16/10/06 (The Financial Times)  -  The price of wheat has risen this year for the same ­reasons it did in the days of the pharaohs: the weather and the harvest. But looming in the not too distant future – perhaps the year after next – is an entirely new source of demand for agricultural commodities that could keep prices high into the next decade.

Brussels and European Union member states have made commitments to steep increases in the use of biofuels for road transport. That is creating new markets for ethanol, which can be added to petrol and is produced from crops such as wheat and sugar, and biodiesel, which can be added to ordinary diesel and is derived principally from vegetable oils such as rapeseed and palm oil.

The environmental benefits of these “first generation” biofuels are questionable. But the second generation fuels, for which the case is more clear-cut, are still some way from the market, and EU policies to encourage first generation biofuels are already in place.

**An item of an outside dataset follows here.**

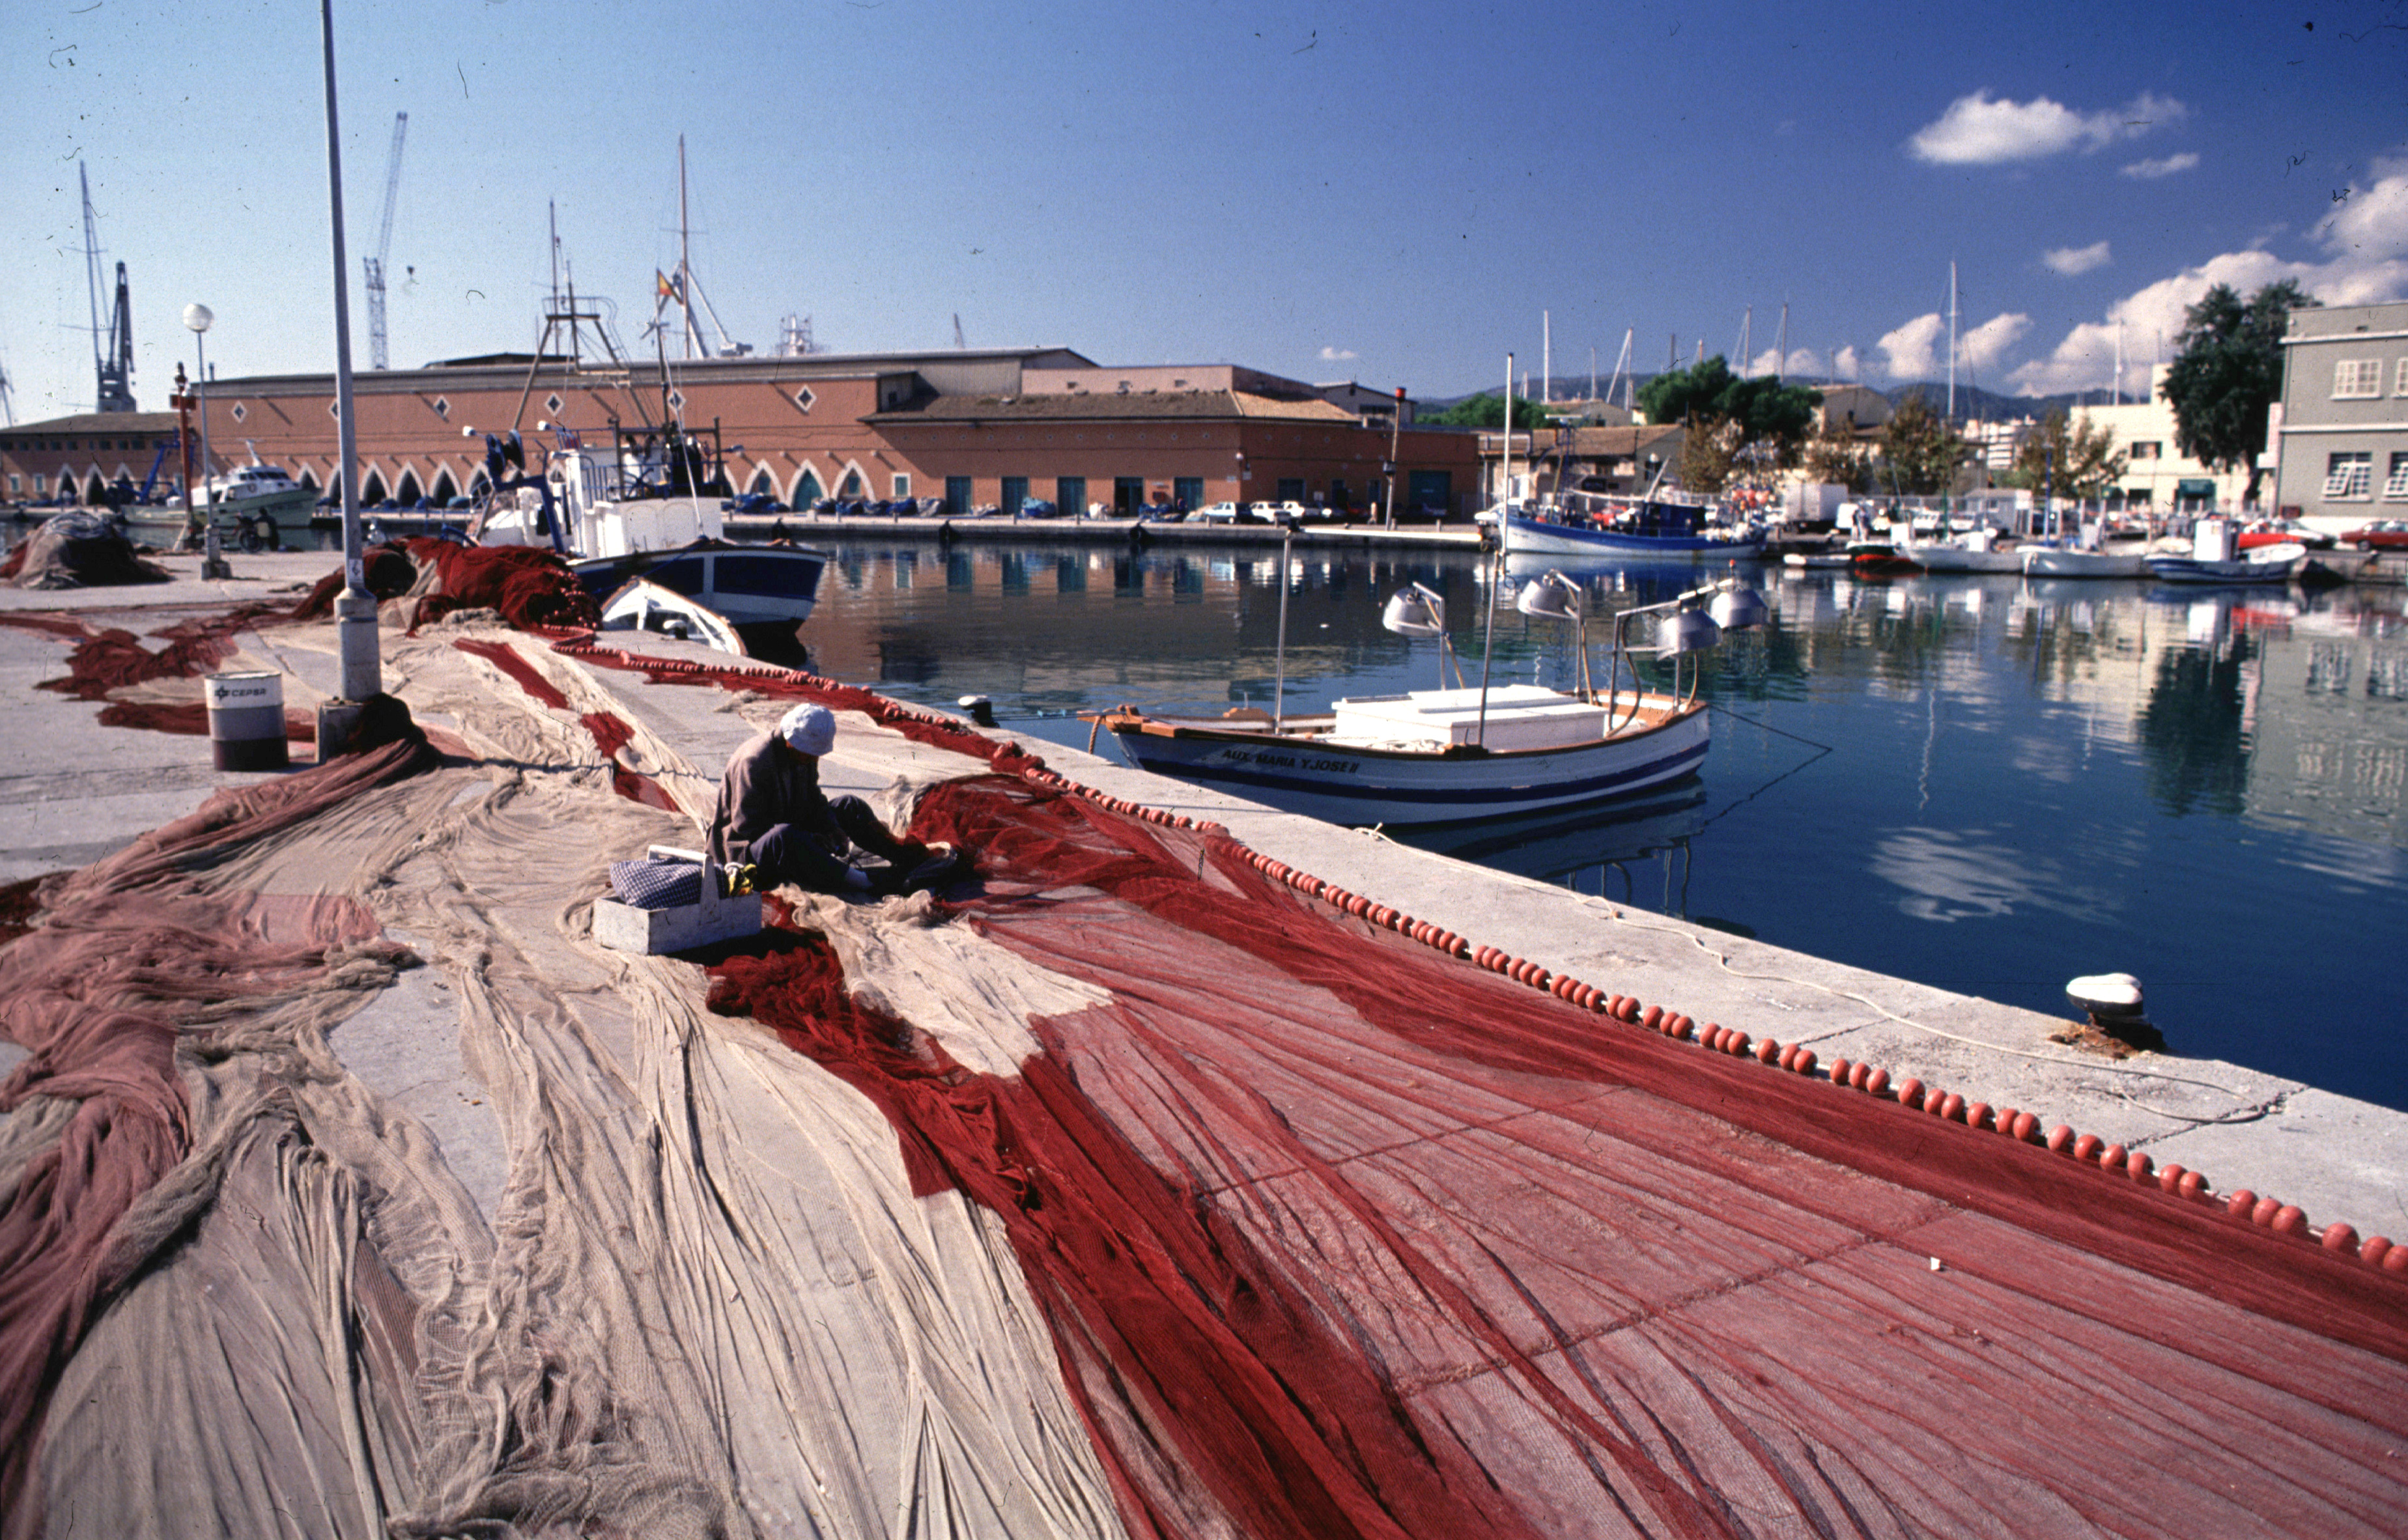 Die Verwaltung des Fischmarktes in der Contramuelle-Mollet im Hafen von Palma wird ausgeschrieben
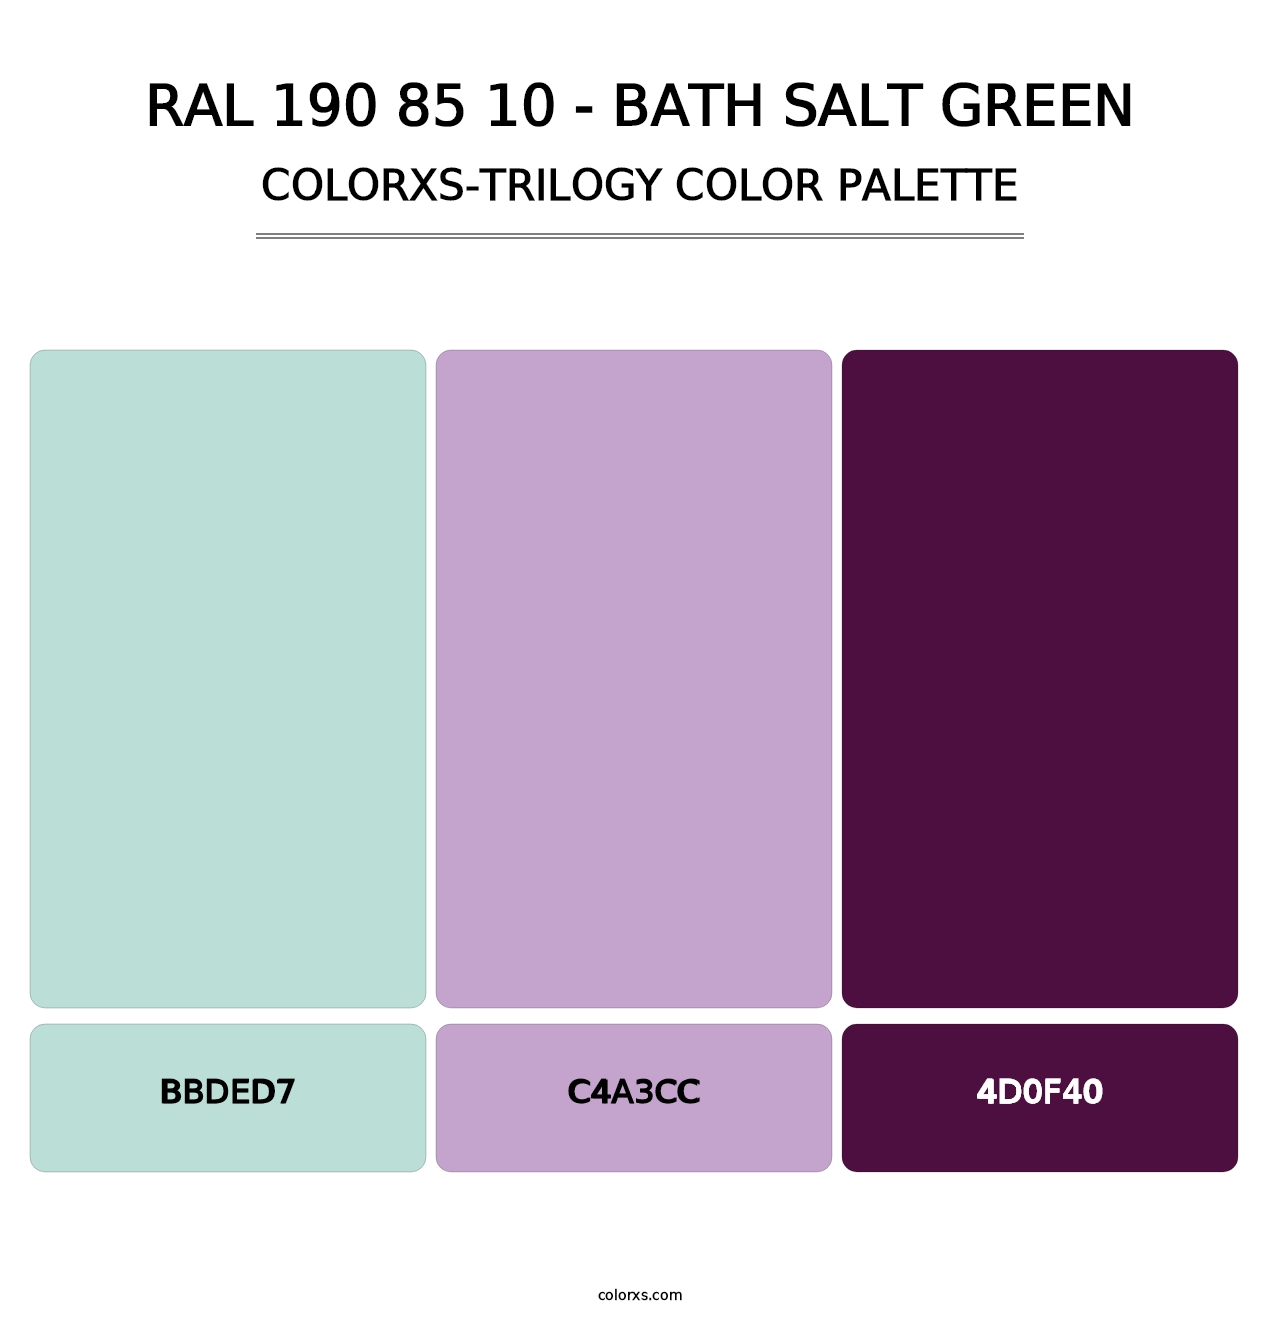 RAL 190 85 10 - Bath Salt Green - Colorxs Trilogy Palette

The European Commission has set a target that by 2010, 5.75 per cent of road fuel by energy content used in the EU should be biofuel. France has set its objective at 7 per cent by 2010 and the UK’s target amounts to only about 3.5 per cent by 2010 on the same basis.

Still, the commitments, often backed by tax breaks, have been enough to encourage a wave of investment in biodiesel and ethanol across the EU.

The consequence, says Michel Portier of Agritel, a Paris-based consultancy, is that “this industry will completely change the whole agricultural market in Europe”.

For ethanol, the two main feed stocks in Europe will be wheat and sugar beet, with wheat likely to predominate.

Jonathan Kingsman, an agricultural consultant, ­estimates that in Europe a gallon of ethanol will cost about $1.70 to produce from wheat and about $1.90 from sugar beet.

As 2010 approaches and the new European ethanol plants come on stream, they will take a growing share of wheat production, rising to perhaps 10 per cent of French wheat and 12 per cent of UK wheat, for example.

Changes in demand of that magnitude, Mr Portier says, will be large enough to have a significant effect on prices.

For biodiesel, the effect could be even more dramatic. The European market for diesel fuel is bigger than for petrol and satisfying the demand for biodiesel would mean using the whole of the EU’s rapeseed oil production as a feedstock.

Buyers of agricultural products find that an alarming prospect. Unilever, the food group, has warned that competition with biofuels will push up the price of foodstuffs such as margarine, which is often made from rapeseed oil.

Malcolm Shepherd, managing director of Green Spirit, a UK company that plans to begin producing ethanol in 2008, says biofuels offer a bright future for European farmers.

“Biofuels will create a stable demand for agricultural commodities that will enable farms to have a stable financial footing. They have been selling at below the cost of production but things are changing now.”

Mr Portier says the natural consequence of higher commodity prices will be further pressure for reform of the EU’s common agricultural policy.

“Supposedly the CAP will now be stable until 2013 but we are sure there will be a change before that,” he says. “The biofuels industry is a kind of support for agriculture and it should be a good opportunity for Brussels to change or remove the CAP.”